The problem: when you change judges, retrieval, weighting, or scoring code, the pipeline can look healthy while it drifts away from expert judgment. Headline accuracy stays flat while the false-pass rate creeps up. If you do not rerun the same frozen gold after each substantive change, you cannot tell whether the eval regressed.

Our solution: we keep a fixed labeled set. We rerun it whenever the scoring stack changes in a meaningful way. We track accuracy versus experts and the rate of false passes (machine OK, expert not). We run ablations on that same gold: we turn one layer off at a time (baseline judge, then +ensemble, +memory, +human-weighted retrieval, +reference-set regression, and so on). Each layer targets a different failure mode. You need to see what moved accuracy and false passes, not a one-off lucky run.

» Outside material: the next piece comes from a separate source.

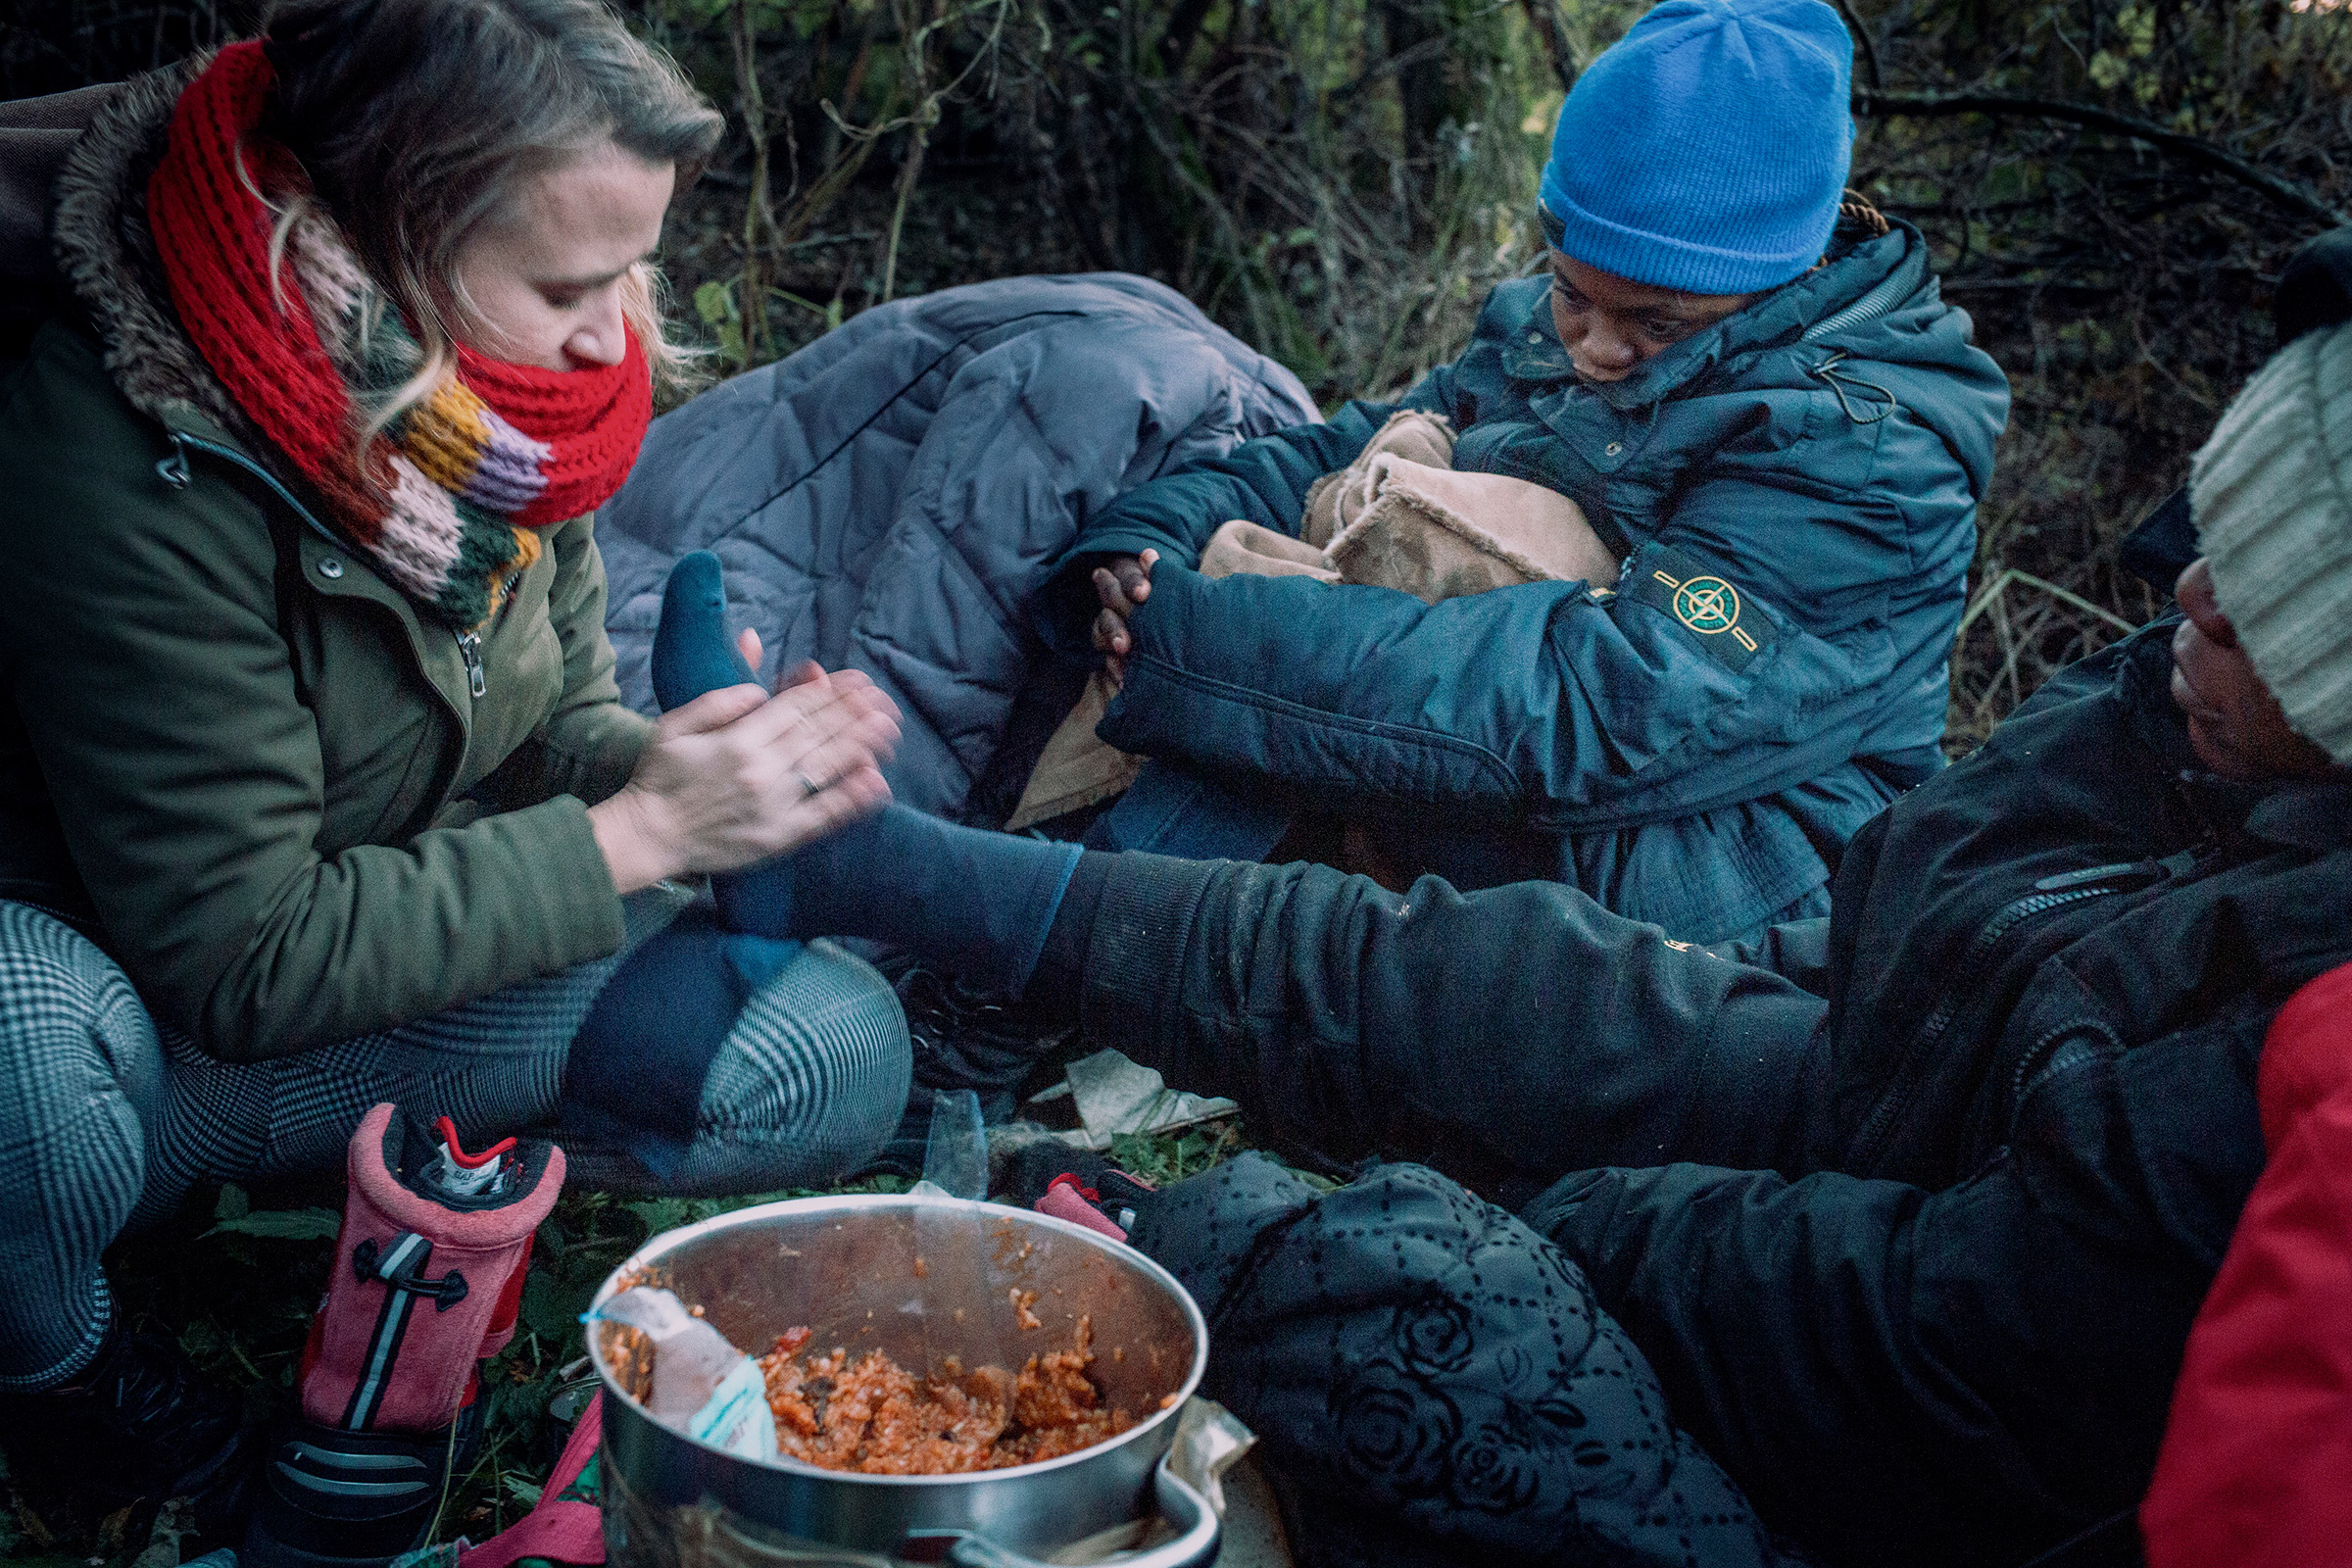 Anna Alboth left, with refugee women from Congo who had been hiding in the forest for 4 days near the Polish-Belarusian border. She is giving food, dry clothes and is warming their feet (Courtesy Thomas Alboth)

def run_meta_eval(engine, frozen_examples) -> Metrics:
    # compare engine labels to expert labels; false pass rate, ...
    ...

We treat headline benchmark numbers as real only when every substantive stack change is followed by those reruns and ablations, not a one-off run.

Ask any vendor, including us: “Did you rerun the gold set after that change?”

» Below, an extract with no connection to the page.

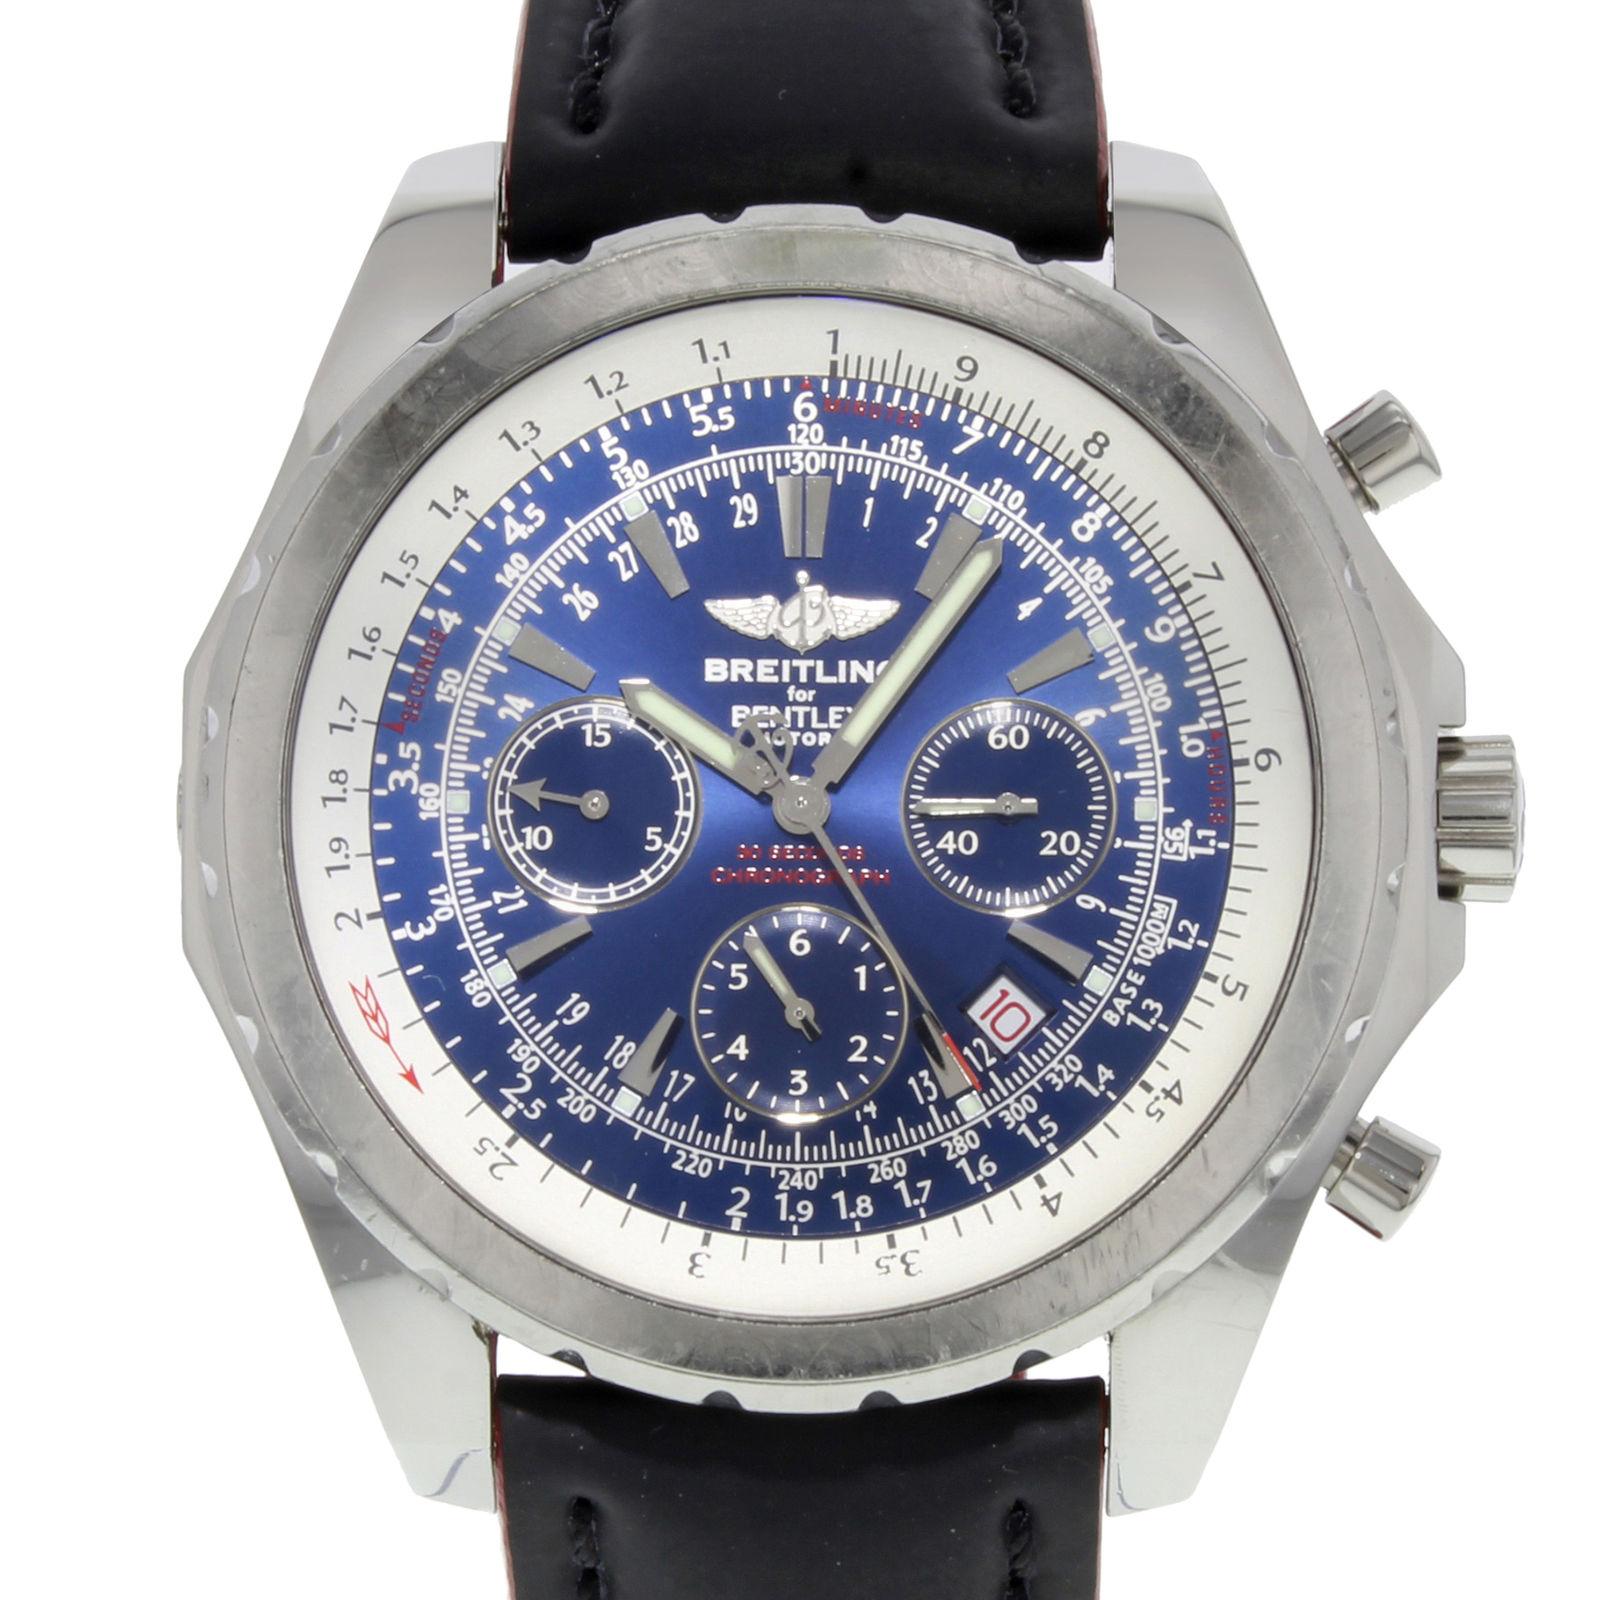 This pre-owned Breitling Bentley  A25362  is a beautiful men's timepiece that is powered by an automatic movement which is cased in a stainless steel case. It has a round shape face, chronograph, date, small seconds subdial dial and has hand sticks

For ensembles, experiments, and more technical detail, see Improving LLM Judges With Experiments, Not Vibes.

The six layers at a glance

The figure shows the six-layer scoring path after the base judge. Criteria modeling and API callers sit outside it. Accuracy figures sit in the build vs buy table and the footnote. Your numbers will differ.

Composo evaluation architecture: base judge then six layers (ensemble, memory, human review, drift monitoring, regression detection, meta-eval), with a compounding feedback loop

After the base judge, six layers stack: (1) ensemble, (2) memory, (3) review, (4) drift monitoring, (5) regression detection, (6) meta-eval. The flywheel shows how use compounds (more evals, labels, and releases).

Compounding: more evals improve retrieval; more labels improve weighting; a stack that has run for a year is not something that you reproduce on day one by shipping the same code paths. The six layers map to different work: models (1-2), search (2), reviewer tools (3), live monitoring (4), regression harnesses (5), tests of the eval (6). Doing all of it in-house competes with your product roadmap.

Conclusion

The build vs buy table captures timelines, trust, and where work lands.

  • Build: the six layers, criteria, tenancy, callers (API, SDK, UI), tuning, search upkeep, reviewer habit, and gold-set hygiene. You can ship a thin slice quickly. Release-grade trust costs multiple engineer-years.
  • Buy (Composo): you keep criteria, labels, and ship decisions. We run platform depth and publish measured quality on frozen data (see the table and footnote).

Integration still costs your time on criteria, labels, and process. The trade is building every layer versus accruing eval data through an operated stack that you can inspect and rerun against gold.


Numbers from our internal studies. Example benchmark: 200 expert-labeled conversations across 8 agent types and 12 criteria. Best accuracy we have seen versus a baseline single judge: 83.6% (baseline 71% on the same measure).